◆ PROVIDED MATERIAL:

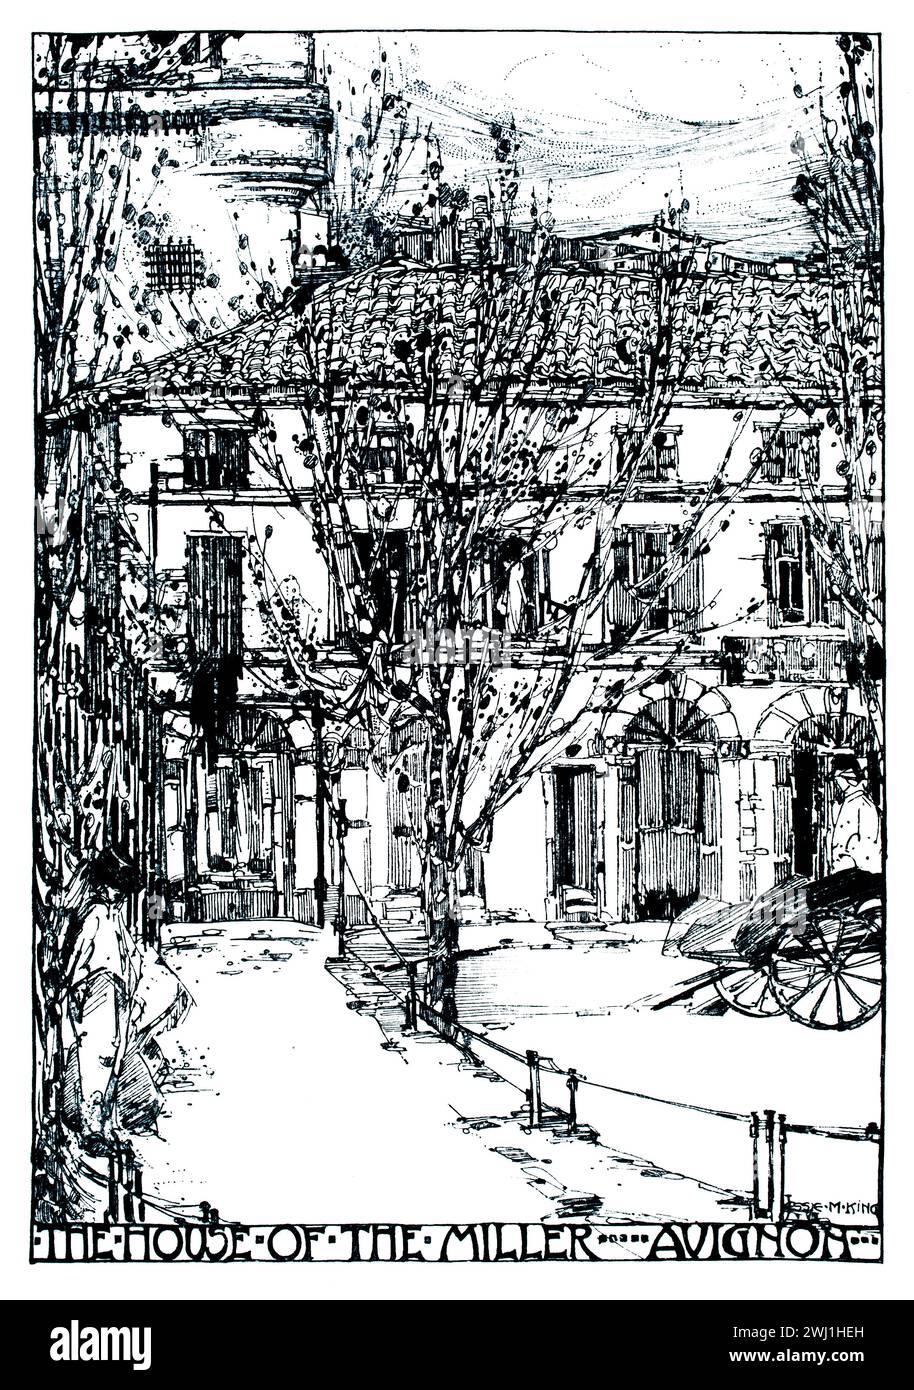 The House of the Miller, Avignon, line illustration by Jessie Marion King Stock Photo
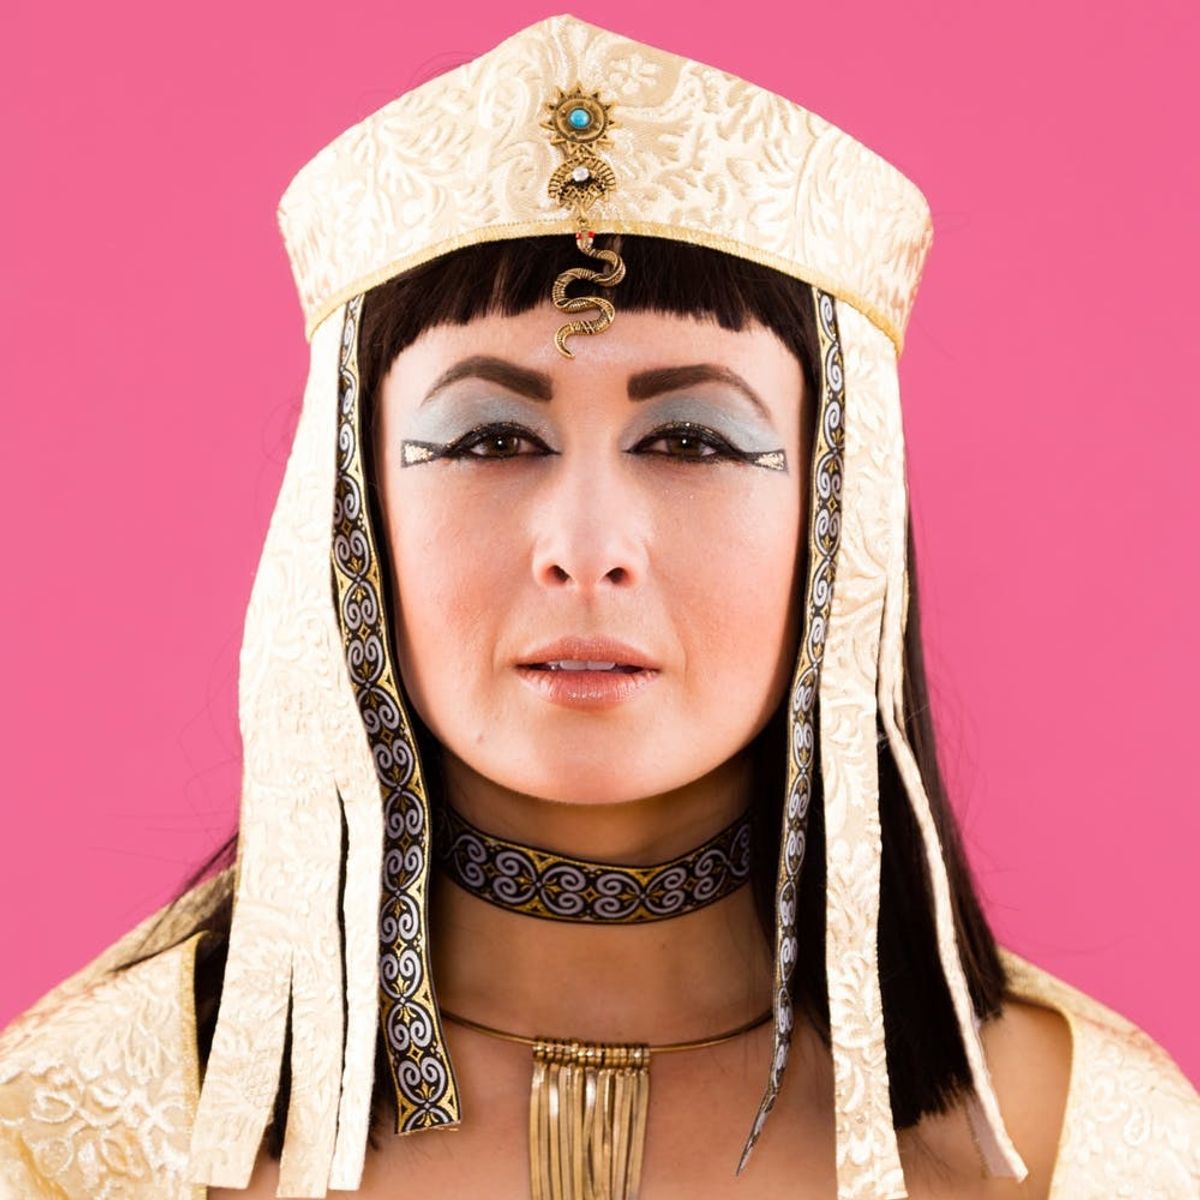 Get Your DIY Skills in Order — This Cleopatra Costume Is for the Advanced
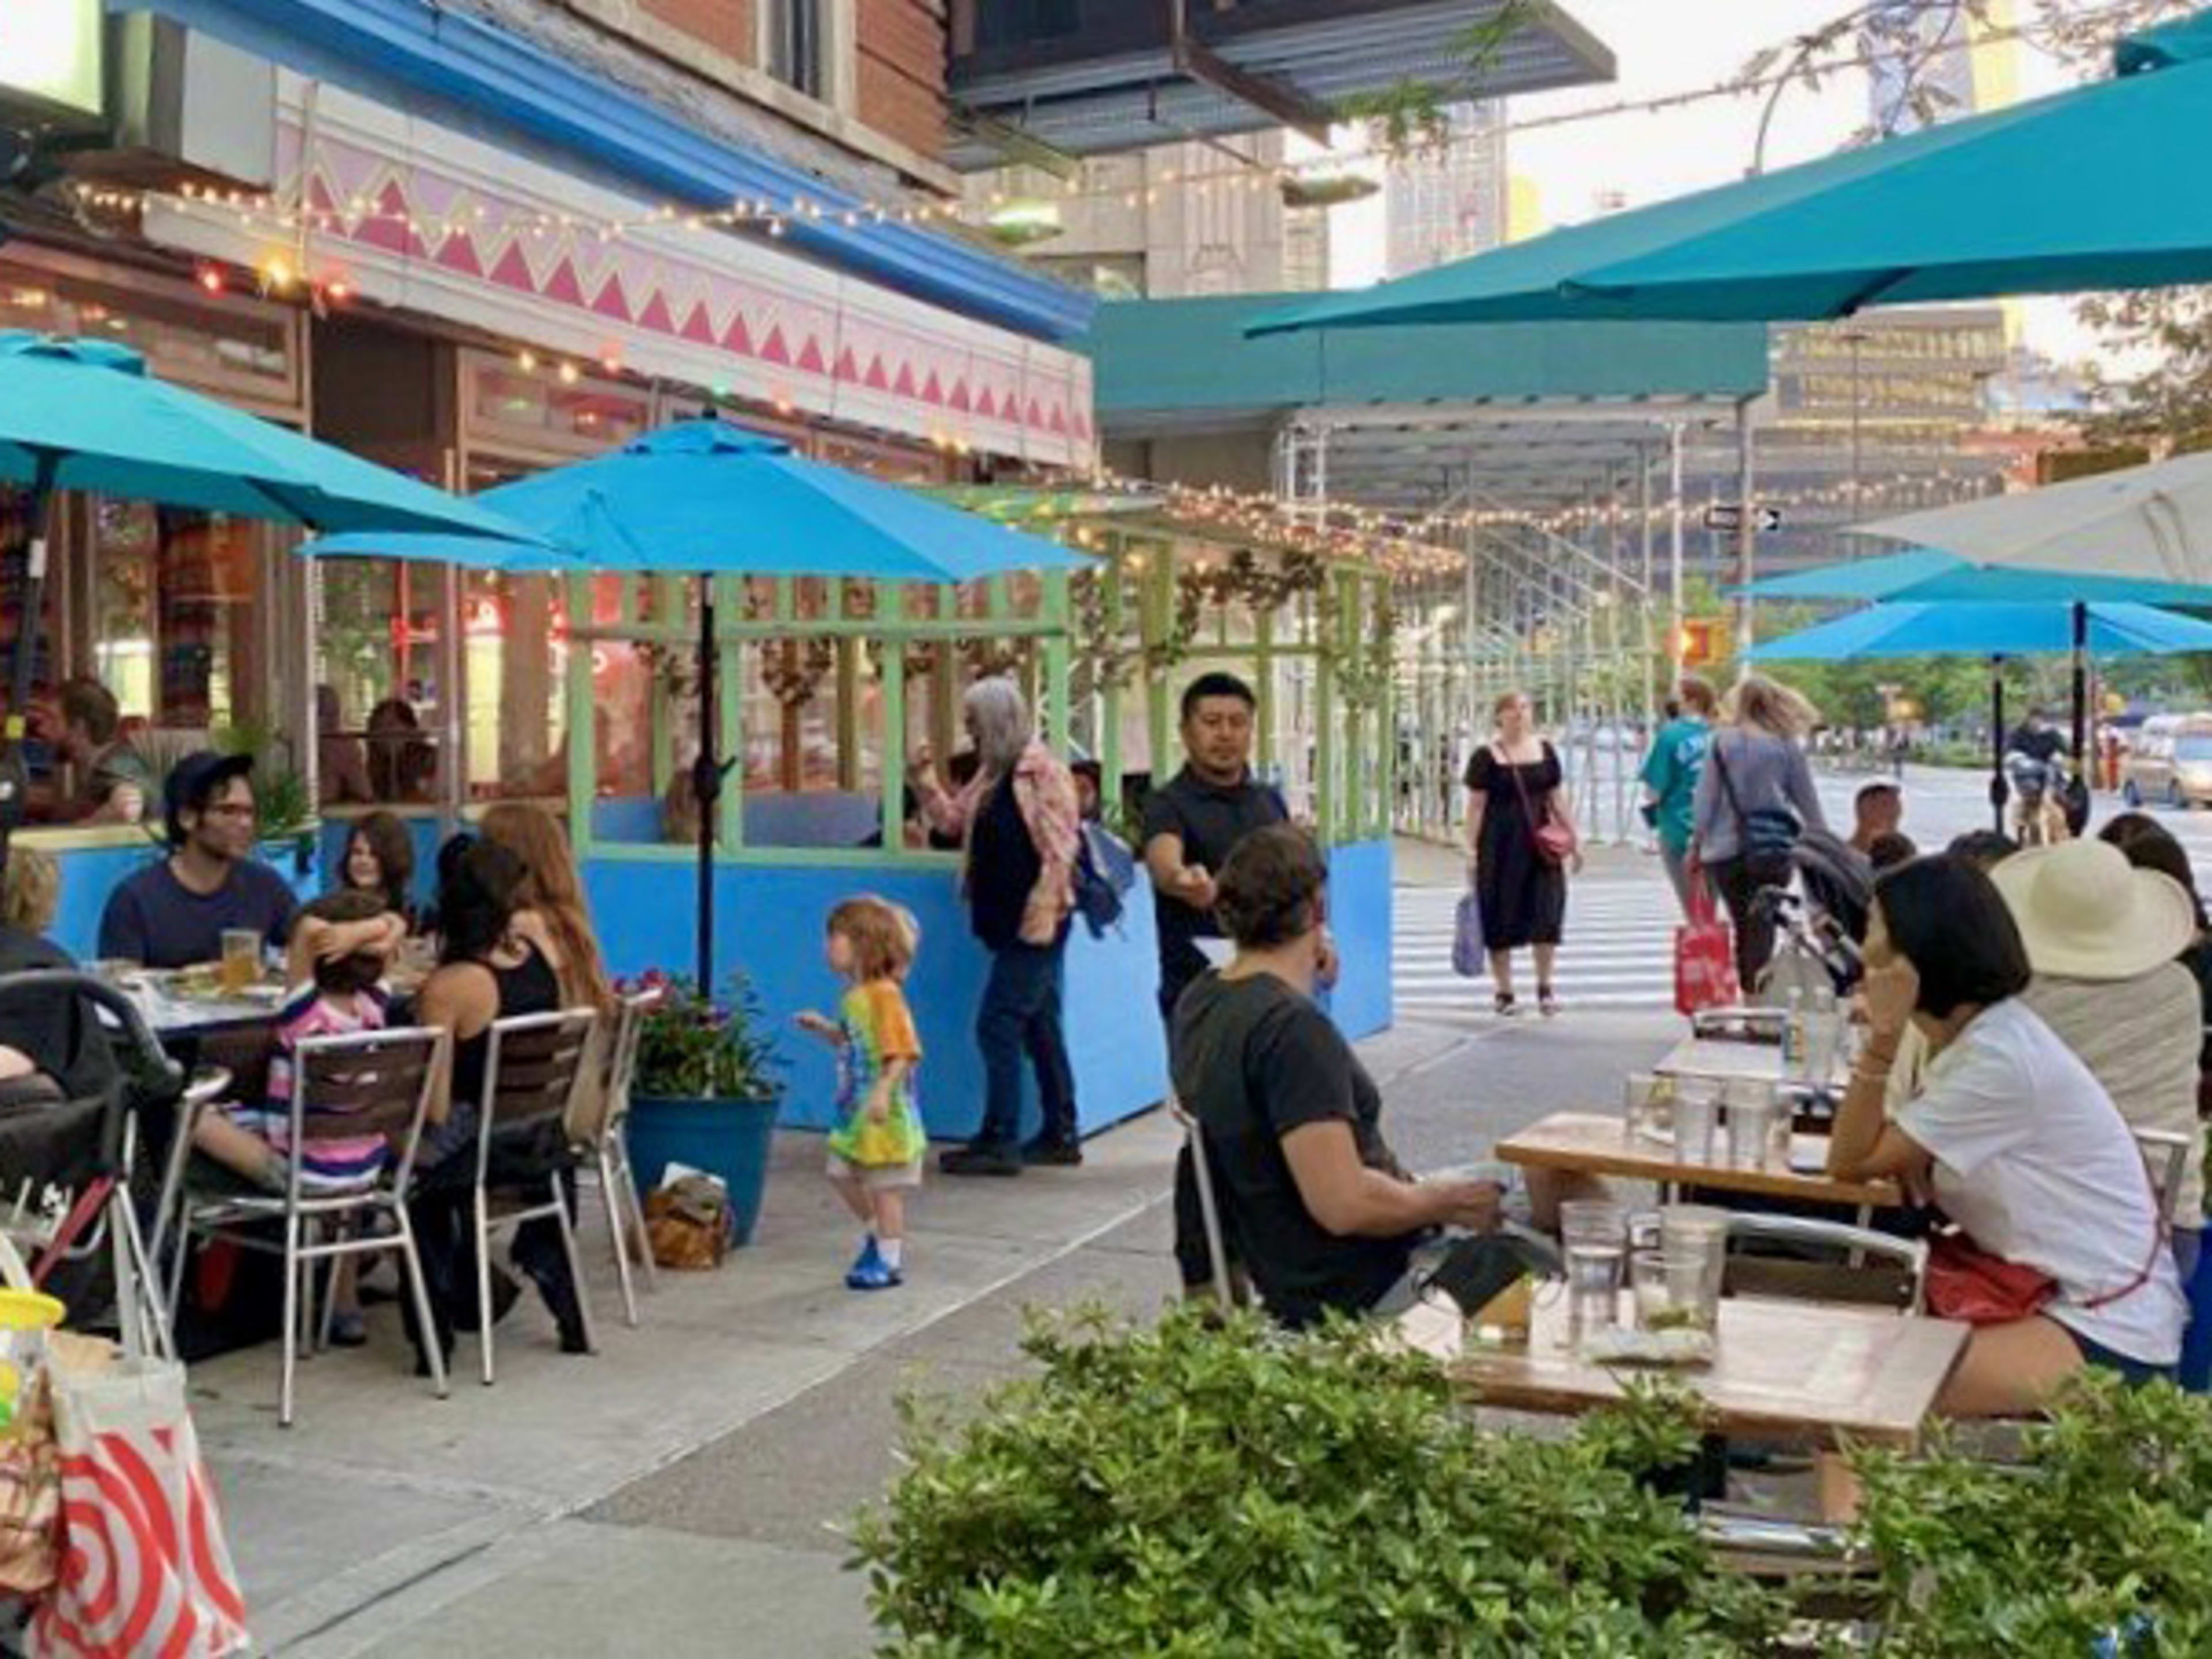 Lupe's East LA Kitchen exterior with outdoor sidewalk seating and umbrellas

◆ WORK REQUEST: Apart from the images, every line above needs to be printed again exactly.

◆ RESPONSE AREA:
 The House of the Miller, Avignon, line illustration by Jessie Marion King Stock Photo
 Get Your DIY Skills in Order — This Cleopatra Costume Is for the Advanced
 Lupe's East LA Kitchen exterior with outdoor sidewalk seating and umbrellas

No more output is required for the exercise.